If they prevail, the impact will reach far beyond D.C. If the court rules the ordinance unconstitutional, it would severely weaken the authority of all local governments to fashion gun laws necessary to protect public safety.
Since the ordinance was enacted in 1976, gun homicides dropped 25 percent; gun suicides dropped 23 percent. In "Guns, Fear, the Constitution and the Public's Health," an article published in the New England Journal of Medicine this month, UC Davis Medical Center emergency room physician Dr. Garen Wintemute concedes that that homicide rates in the district rebounded with the crack cocaine epidemic of the 1980s but that "today the district's gun suicide rate is the lowest of any state."

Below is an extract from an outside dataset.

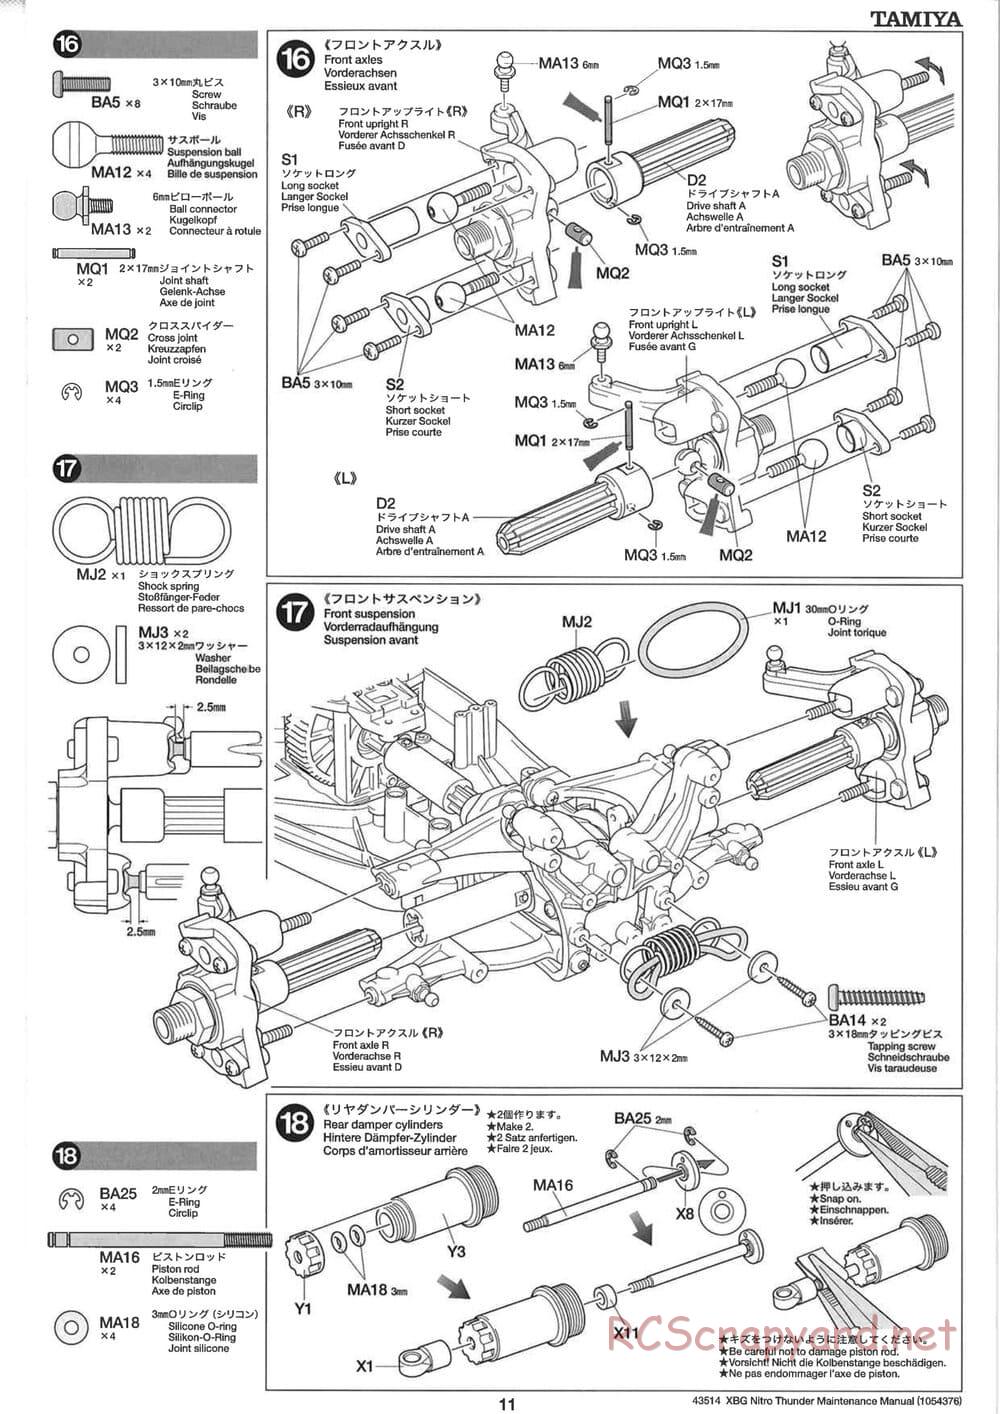 Tamiya - Nitro Thunder - NDF-01 Chassis - Manual - Page 11

Wintemute, a leading researcher of gun violence, documents the increased risk of violence, injury and death that the mere presence of a gun in a home poses. The statistics are striking and alarming. "Living in a home where there are guns increases the risk of homicide 40 to 170 percent," Wintemute says. The risk of suicide jumps even more, up by 90 to 460 percent. These risks exist not just for gun owners but for everyone in the home.
Reasonable handgun ownership restrictions in New York and Chicago, Wintemute writes, have resulted in fewer homicides in those cities in 2007 than at any time since the 1960s. No wonder, given all this, that so many cities have local laws restricting gun ownership. If gun owners prevail in the Washington, D.C., case, cities across the nation will lose the power they need to place reasonable restrictions on gun ownership, and public safety will suffer.